What uneven surfaces?
I wouldn't sand any gasketed surfaces at home, you'll never keep it flat. And chances are you don't have anything at home that's flat enough to measure it against to check
 
AlphaDogChoppers said:
I'm just talking about your heads.
Simple Green is to remove the oil from your heads. That keeps the glass bead from getting contaminated with oil.

You would not be bead blasting a partially assembled engine, just pieces that you would be removing. Use a little common sense, dude.

I think I might need to step back on what i'm asking now.

1. The head and motor surface are now basically clean, but there are slight films on both that carb cleaner and paint stripper and cutting through, I've used a tooth brush, lightly with a brass brush, etc. No avail.

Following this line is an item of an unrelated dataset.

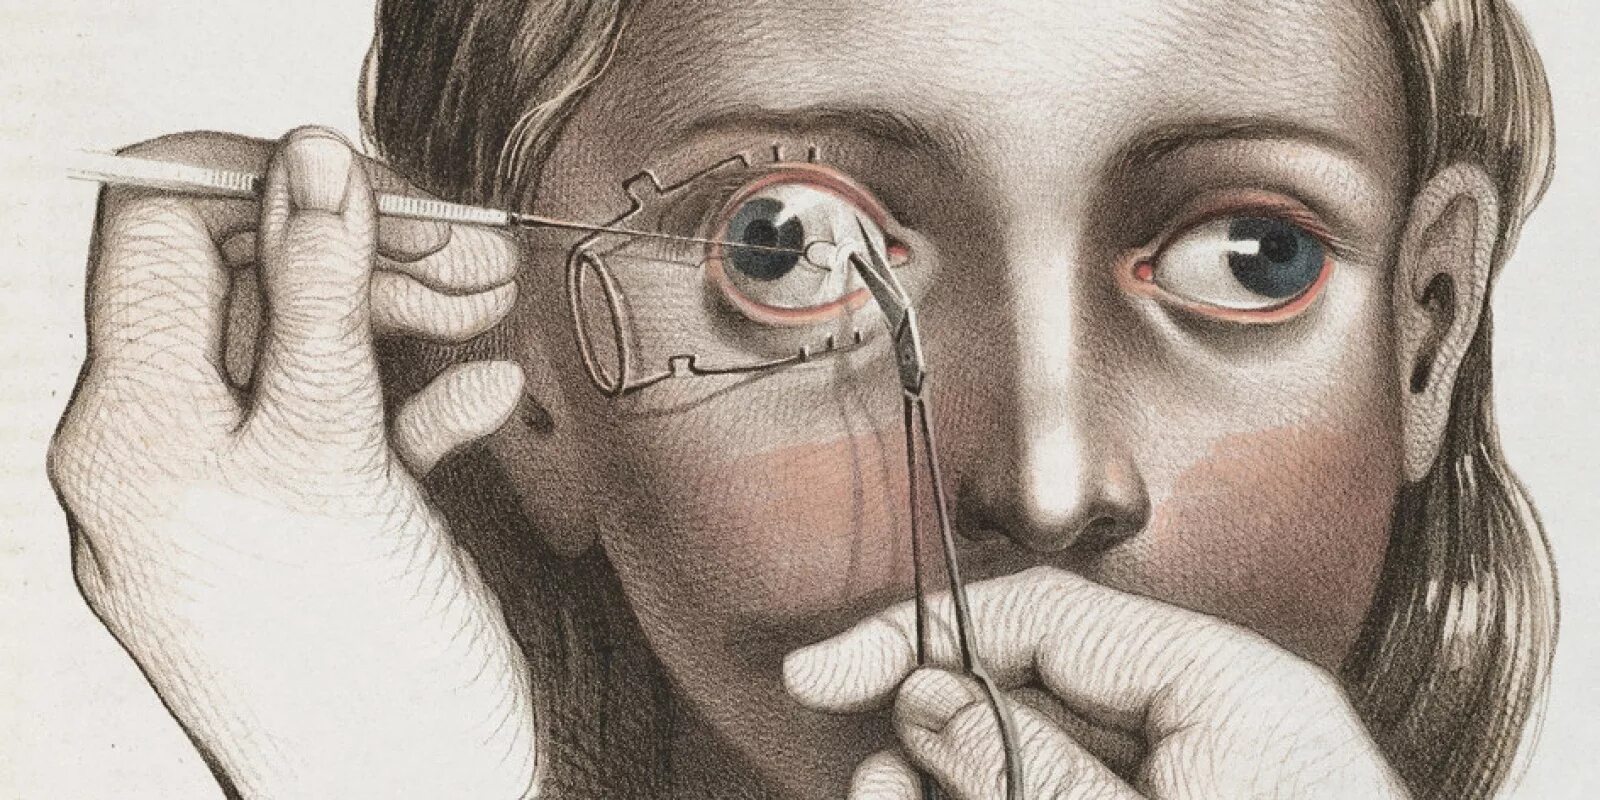 Операции на глазах в древности. Хирургия глаз в средние века. Офтальмология в искусстве. Глазная хирургия в средние века-. Неприятный век

2. The head bolt holes, seen in the picture of the motor, the large 4 holes, are filled with oil. I know these holes need to be dry so that the bolts grab and don't loosen themselves out. How can I get these holes clean? Same goes for the water jacket. Through surface cleaning i'm sure things dropped in there, how can the jacket be cleaned?
 
large syringe or turkey baster for the holes then swab them dry,wet/dry shop vacum works as well for the coolant passages
 
SONIC. said:
What uneven surfaces?
I wouldn't sand any gasketed surfaces at home, you'll never keep it flat. And chances are you don't have anything at home that's flat enough to measure it against to check

I guess like the beginning of a warp or to remove old gasket. I've heard people on hondatwins use a piece glass and 400 grit and sand in a figure 8 motion to ensure it is done evenly and free of any old gasket or gunk. Since theoretically glass is perfectly flat. The dude that mentioned it is named Longdistancerider.
 
SONIC. said:
What uneven surfaces?
I wouldn't sand any gasketed surfaces at home, you'll never keep it flat. And chances are you don't have anything at home that's flat enough to measure it against to check

I resurface heads and other gasket surfaces in the shop all the time. Just glue down a sheet of sandpaper to a plate of glass or a hunk of granite or marble countertop. Lay the head on it and rotate while moving it around in little circles. You can also use a large, flat sharpening stone to touch up a head or cylinder surface. I have also done it with valve grinding compound on a sheet of glass. On heads that have a circular head gasket, like a lot of two-strokes, you can use valve grinding compound to lap the head to the cylinder.